-- GIVEN MATERIAL follows --

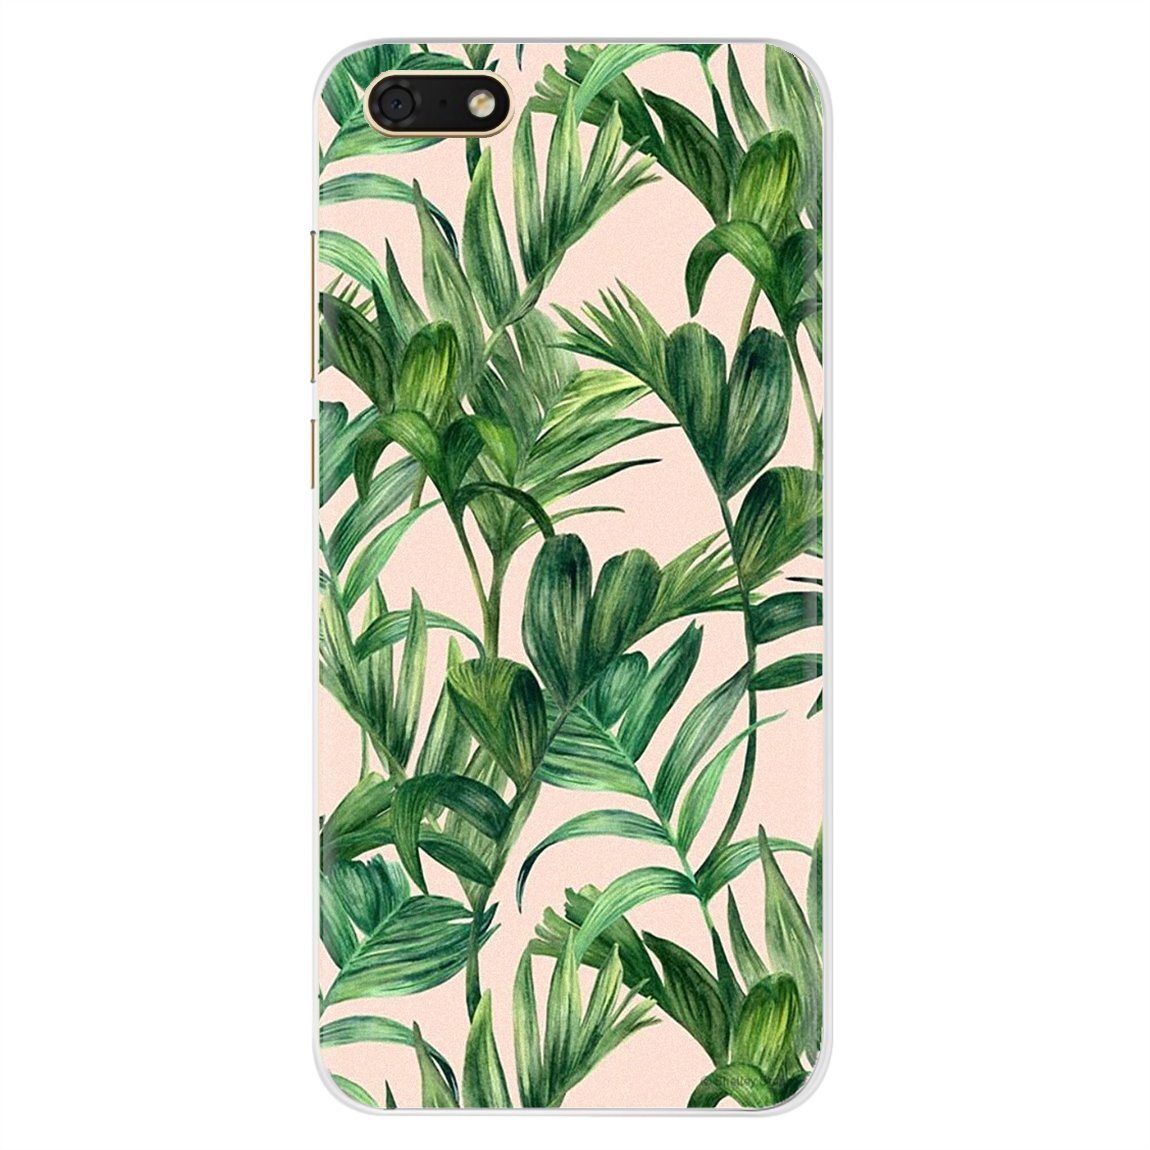 Para Samsung Galaxy J1 J2 J3 J4 J5 J6 J7 J8 Plus 2018 Prime 2015 2016 2017 Designer de Caso de Telefone Silicone Fruit Melancia Flamingo
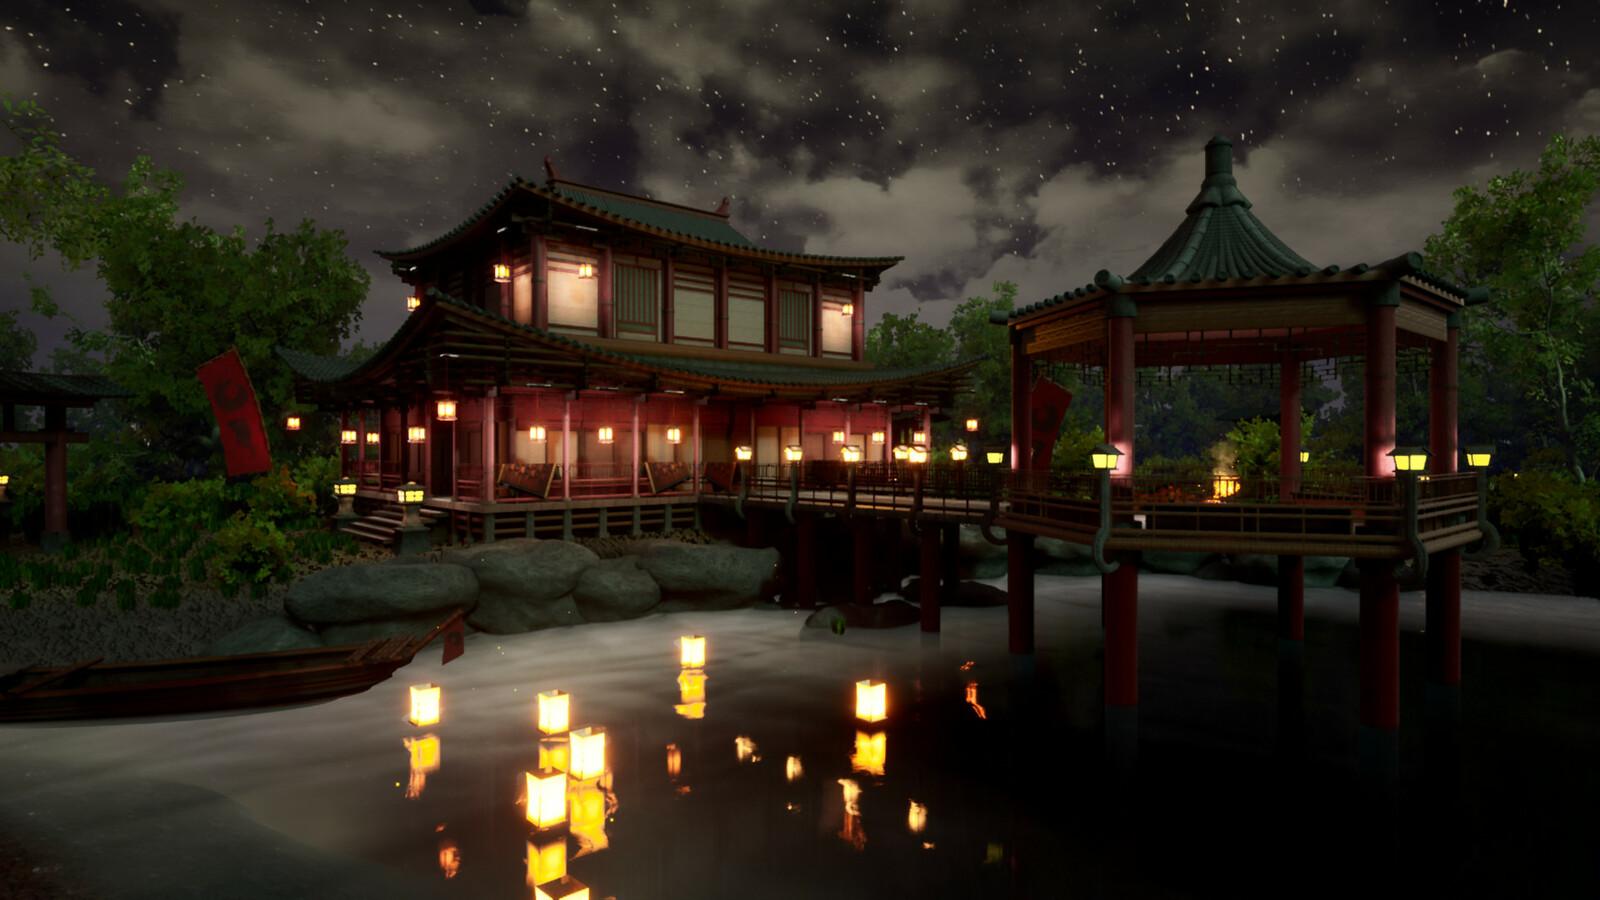 Shogun Temple
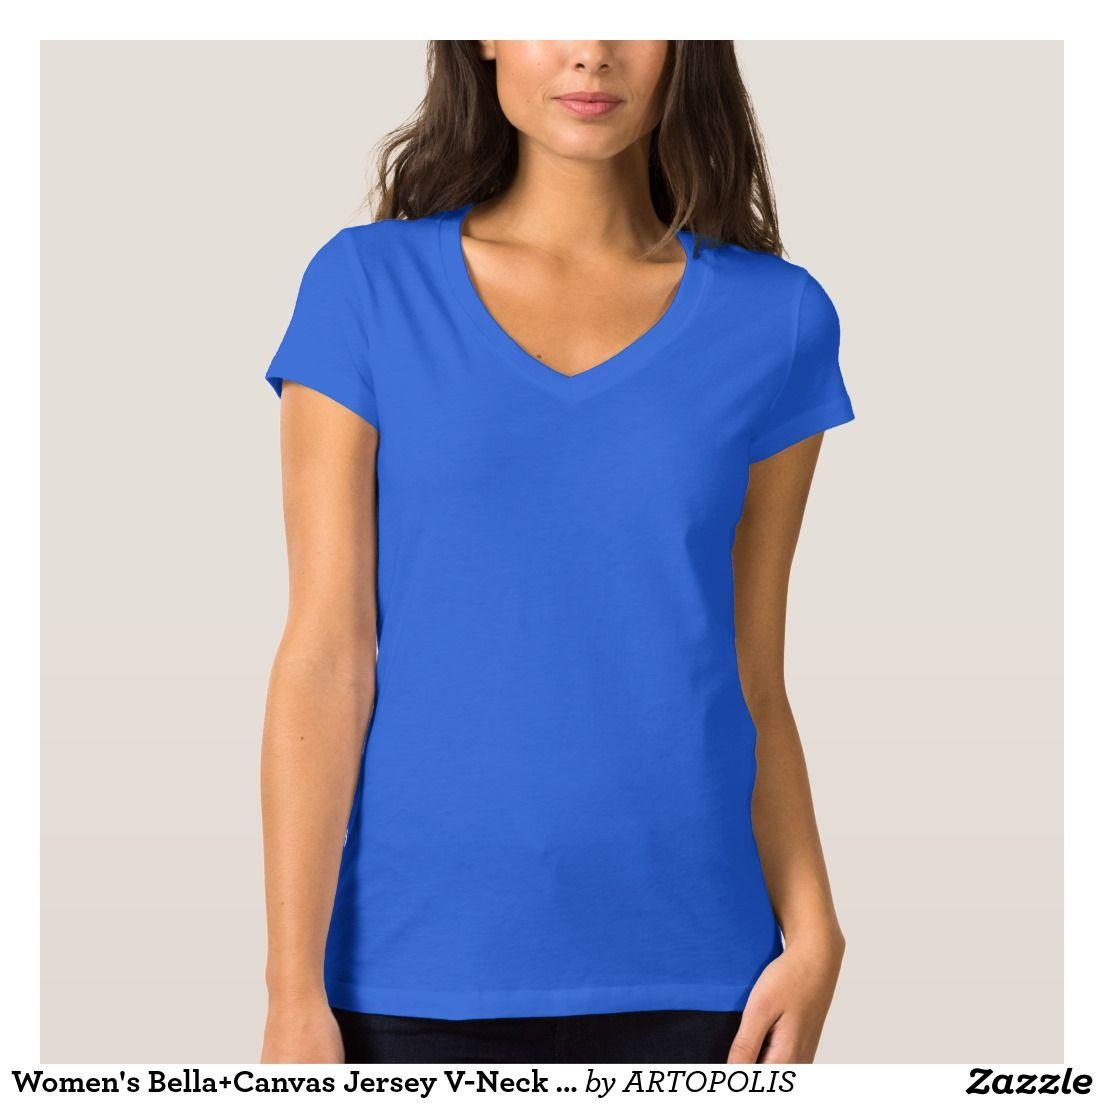 Women's Bella+Canvas Jersey V-Neck TRUE ROYAL T-Shirt

-- GIVEN MATERIAL concluded --

TASK TO CARRY OUT
Without the pictures, retype the whole of the material above exactly.

ANSWER TO THIS TASK
 Para Samsung Galaxy J1 J2 J3 J4 J5 J6 J7 J8 Plus 2018 Prime 2015 2016 2017 Designer de Caso de Telefone Silicone Fruit Melancia Flamingo
 Shogun Temple
 Women's Bella+Canvas Jersey V-Neck TRUE ROYAL T-Shirt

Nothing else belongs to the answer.